A first party is web content that users have meaningful interaction with. There can be multiple first parties on a page. For example, if you visit this page, you have meaningful interaction with Mozilla: we’re the place you’re trying to talk to. If we put a Facebook “Like” button on our page, Facebook would be third party unless you choose to interact with them by clicking the “Like” button. If you did, Facebook becomes a first party along with Mozilla. This approach is much better than definitions which expect only one first party per page, and require all first party webservers to have the same domain name. Best of all, it fits easily with the way that we actually use the web.

First parties don’t have to do much honor a user’s privacy request. If you go to Amazon, we assume that you’re trying to interact with them. Do Not Track will not get in the way of you seeing personalised shopping suggestions or having things shipped to your address. To have so much latitude to use data without undue constraints, Amazon just has to do two things:

  1. They have to respond and promise to follow the W3C Recommendation for Do Not Track, and
  2. they mustn’t share your data with other people, or mix it with data from other sites.

First parties can outsource data processing if they want. If a site outsourcea analytics, that’s fine. They just have to make sure their analystics company keeps data about their users separate: no mixing data from lots of sites.

Third parties

Third parties are a remarkably simple concept: anyone who isn’t a first party or a user.

Anyone, first party or third, can use data without restriction as long as they make sure that it can’t be linked to a particular user. We discussed what you might need to to do make sure that data really can’t be linked back to someone. Some of the approaches were based on k-anonymity or estimates of uniqueness based on characteristics of users who do not have Do Not Track enabled.

It’s also fine to keep server logs for a brief time before they’re rotated out and processed, but this period needs to be short, and logs mustn’t be used for anything else during this period.

We agreed there are some things like security and fraud control which are so important that even business that have no interaction with users need to be able to do them. The web is the platform and we should be careful when tinkereing with the engines that power it. We don’t want implementation of Do Not Track to harm the web, just make it safer.

Differences

Our two current proposals differ as to how “large” a party is. One proposal thinks of a party based on corporate ownership; the other makes decisions based on user expectations and branding. For many websites, this distinction makes no difference. However, for companies with many different unrelated brands this choice determines whether we think it’s more important to avoid costly implementations and restrictions for companies which currently share all their data between brands, or to avoid surprising users who have no idea how far their data can flow.

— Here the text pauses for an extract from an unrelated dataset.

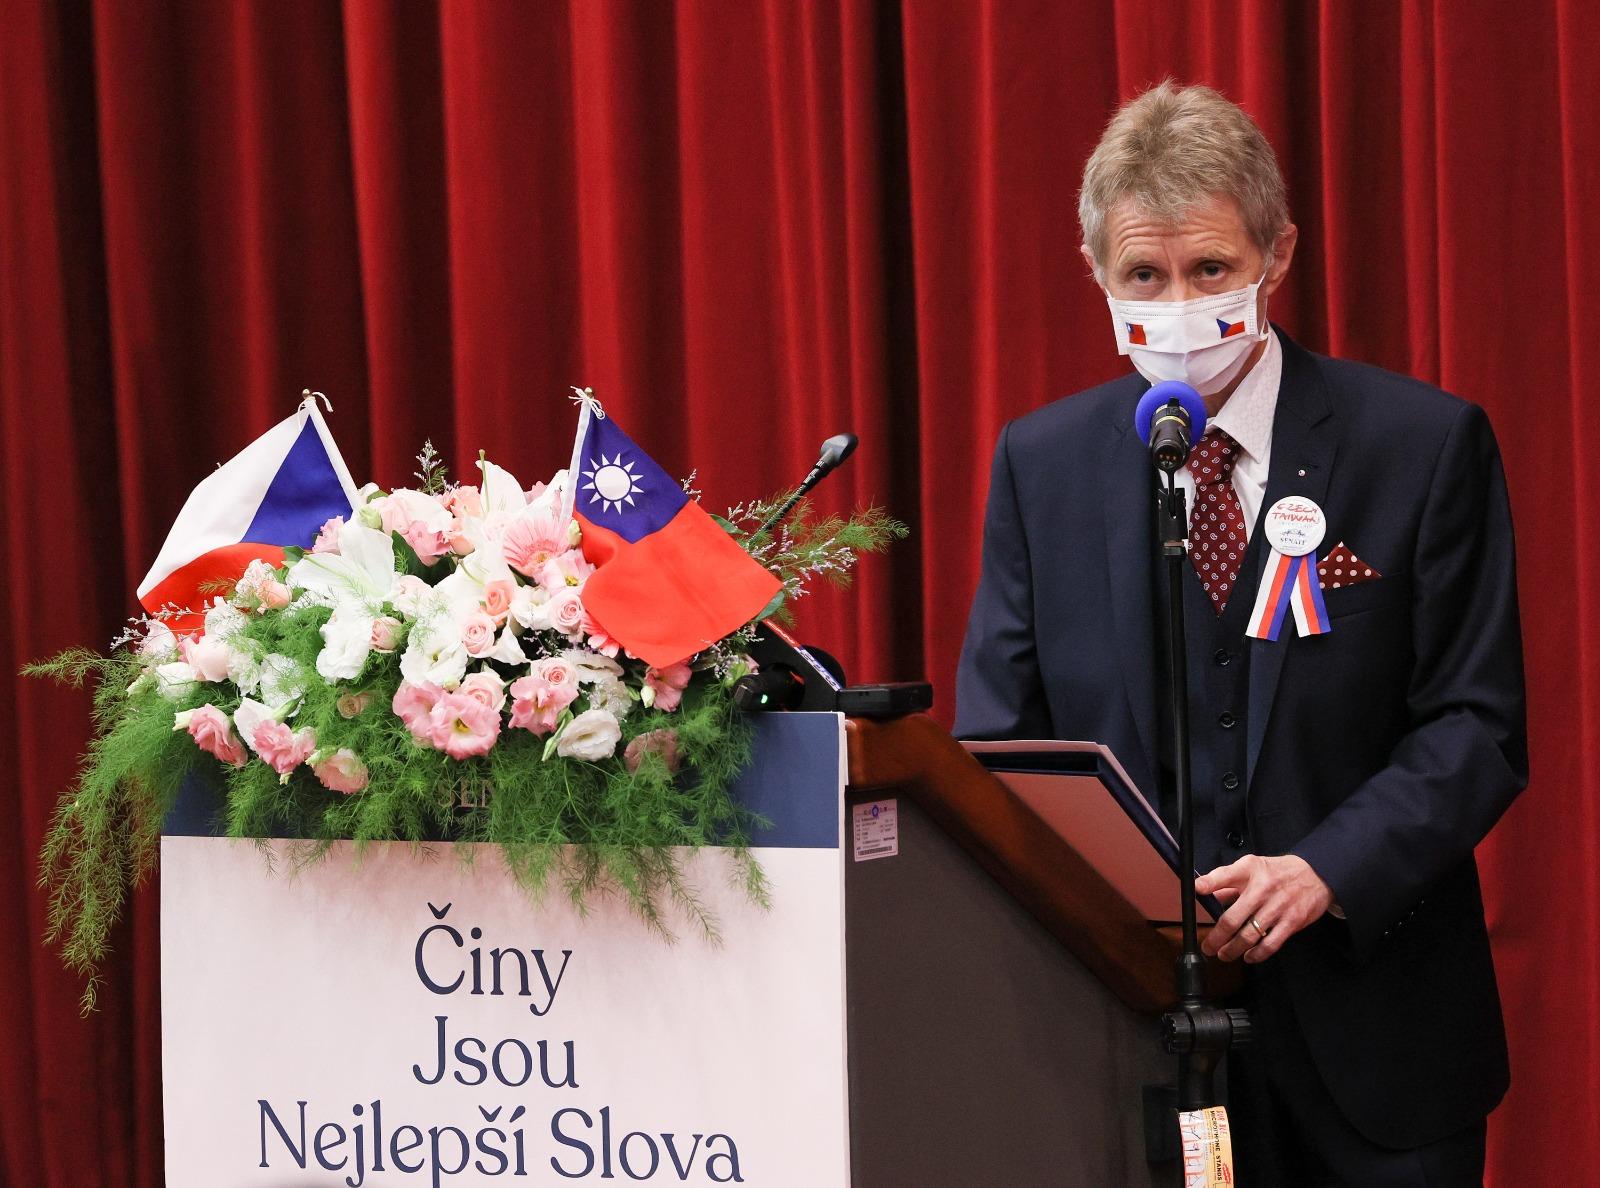 捷克參議院議長維斯特奇爾(Miloš Vystrčil)於今年8月訪問台灣,中共造謠聲稱維斯特奇爾收了台灣四百萬美元。(中央社)

The group is split as to whether third parties can continue to use unique identifiers to enable those critical uses that are still allowed. For example, can third parties use unique identifiers to fight fraud and bill for ad impressions? How about for frequency capping to eliminate showing the same ad multiple times, even if that means knowing sites a user has visited where the ad displayed? We have more work to do here: how can we best support privacy without breaking business? We spent several hours talking through different possible approaches, from the purely technical to the purely administrative and everything in between.

At the end of the day

It’s increadibly exciting to be forging a path forward that everyone can live with. We still have work to do, and these remaining differences are not minor. But we may reach consensus decisions by coming to agreement on these two issues where we differ at the same time, and addressing them together. With all this rough consensus, we may have to start looking at some running code. Stay tuned!